Маблунг ухватился за нарушивший тяжкое молчание звук и, поднявшись с места, встал у женщины за спиной.
- Детям людей случается начинать говорить позднее сверстников.
- Случается. Но перед этим они уже пытаются изъясняться звуками и жестами, – Ниэнор медленно покачала головой, – а Тулмиру будто вовсе никто не нужен.
Маблунг промолчал. Он хотел бы в очередной раз ее подбодрить, сказать что-нибудь о том, что мало ли исключений, и мальчик еще их порадует, но… С некоторых пор готовые сорваться уже очевидно лживые утешения вдруг застревали у него в горле. И оставалось только молчать. Смотреть на стоящую рядом женщину, следить за тем, как выбившиеся из золотистой косы мягкие вьющиеся волосы у ее правого виска подрагивают от его близкого дыхания, и гнать от себя ненужные, невозможные мысли…

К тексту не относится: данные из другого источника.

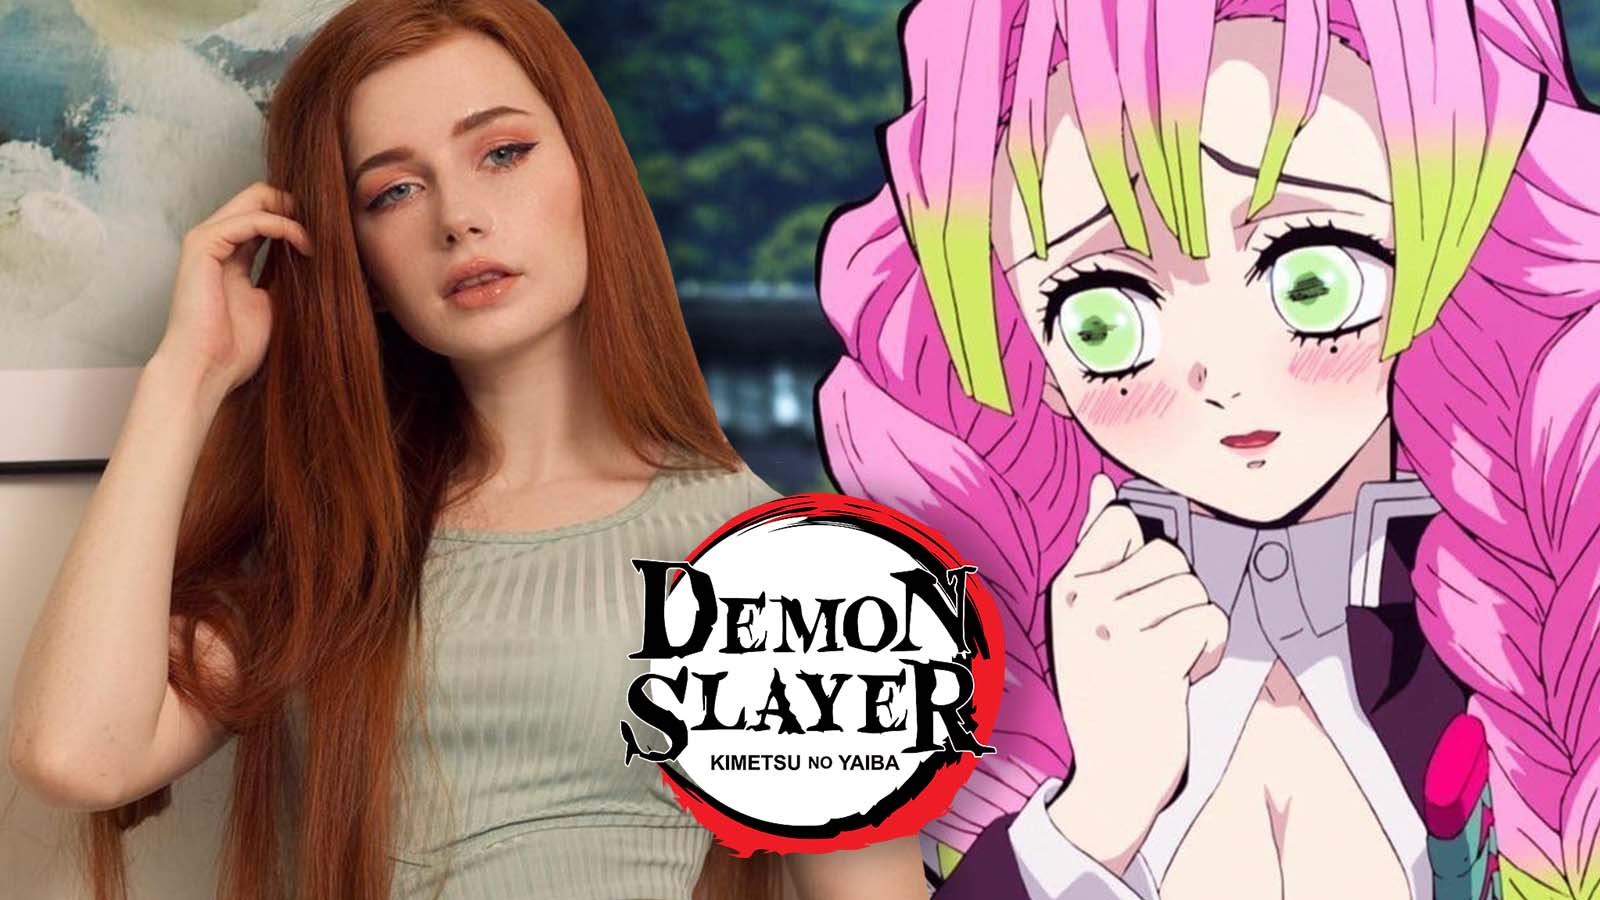 Demon slayer pink hair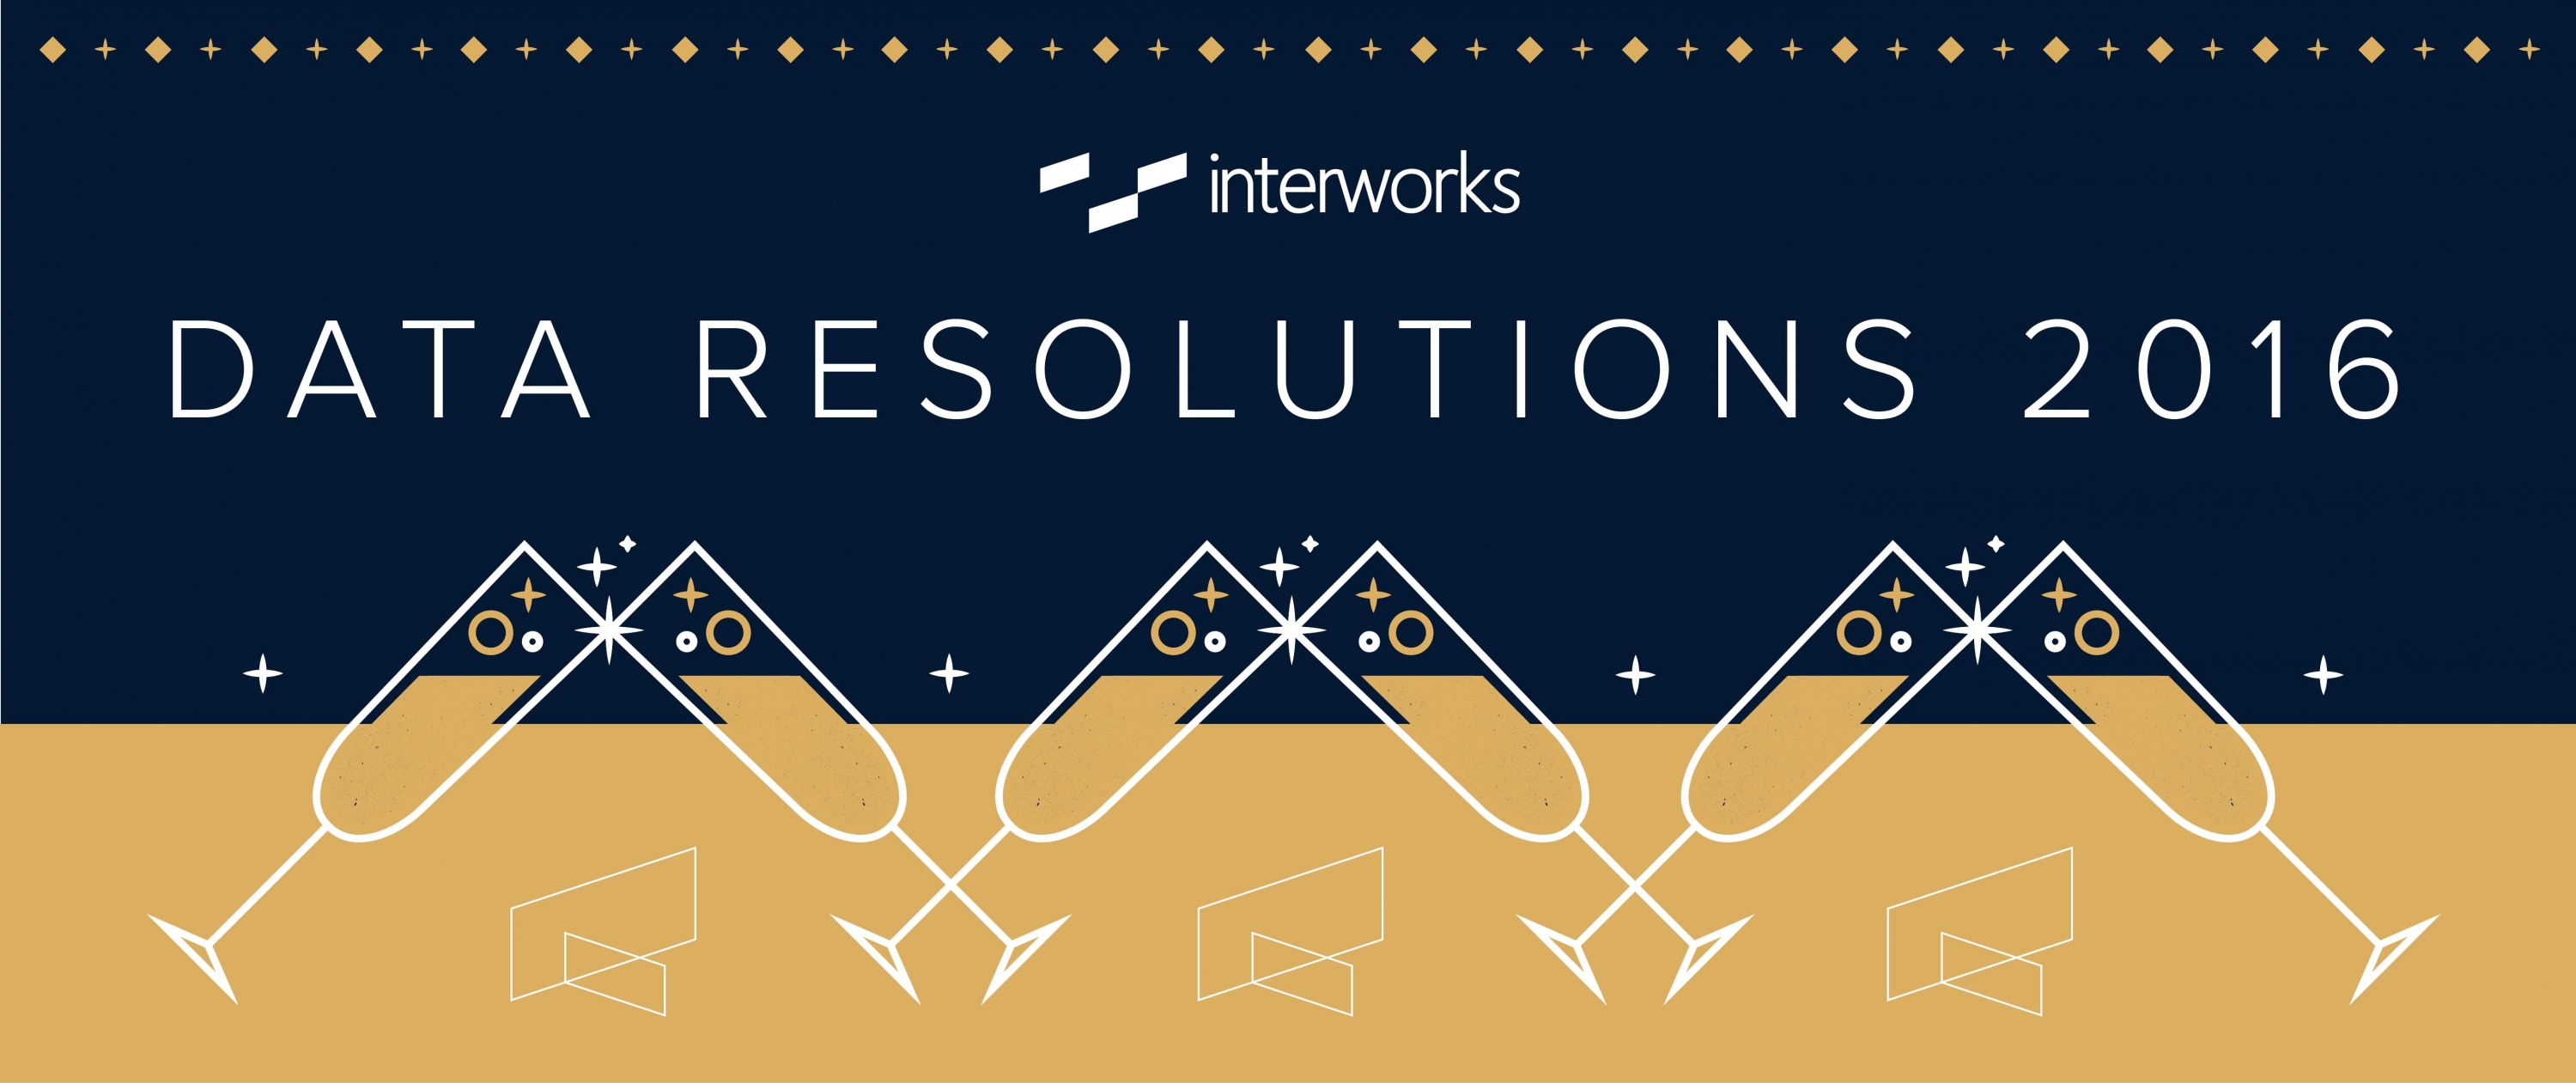 InterWorks' New Year's Data Resolutions 2016

С годами Ниэнор стала сильнее напоминать мать. Под ударами судьбы еще недавняя девичья хрупкость словно отошла на второй план, уступив место серьезной несгибаемой решительности. Готовности с открытым лицом встречать новые беды и стойко их выдерживать, будто неудавшаяся попытка наложить на себя руки полностью убила в ней способность испытывать отчаяние и страх. Да, именно тогда это и произошло. Когда сам Маблунг, оставив остывающее тело найденного и вновь потерянного Турина попечениям спутников, бросился вдоль бурного течения Нарога. И в отчаянии метался среди скал и древесных стволов, пока не увидел в цепких ивовых объятиях белеющее платье. И пока, выбравшись из ледяной воды с Ниэнор на руках, не почувствовал наконец под ладонями слабое биение сердца. Его собственное, кажется, вновь забилось тогда же.
- …Маблунг?
Охотник вздрогнул и, опомнившись, отвел взор от золотистой пряди.
- Да?
- Ты не слушал? – Ниэнор коротко глянула через плечо и вновь принялась смотреть на сына: – Я все думаю: он такой из-за близкого родства, из-за преследующего нас рока или из-за моего… из-за меня?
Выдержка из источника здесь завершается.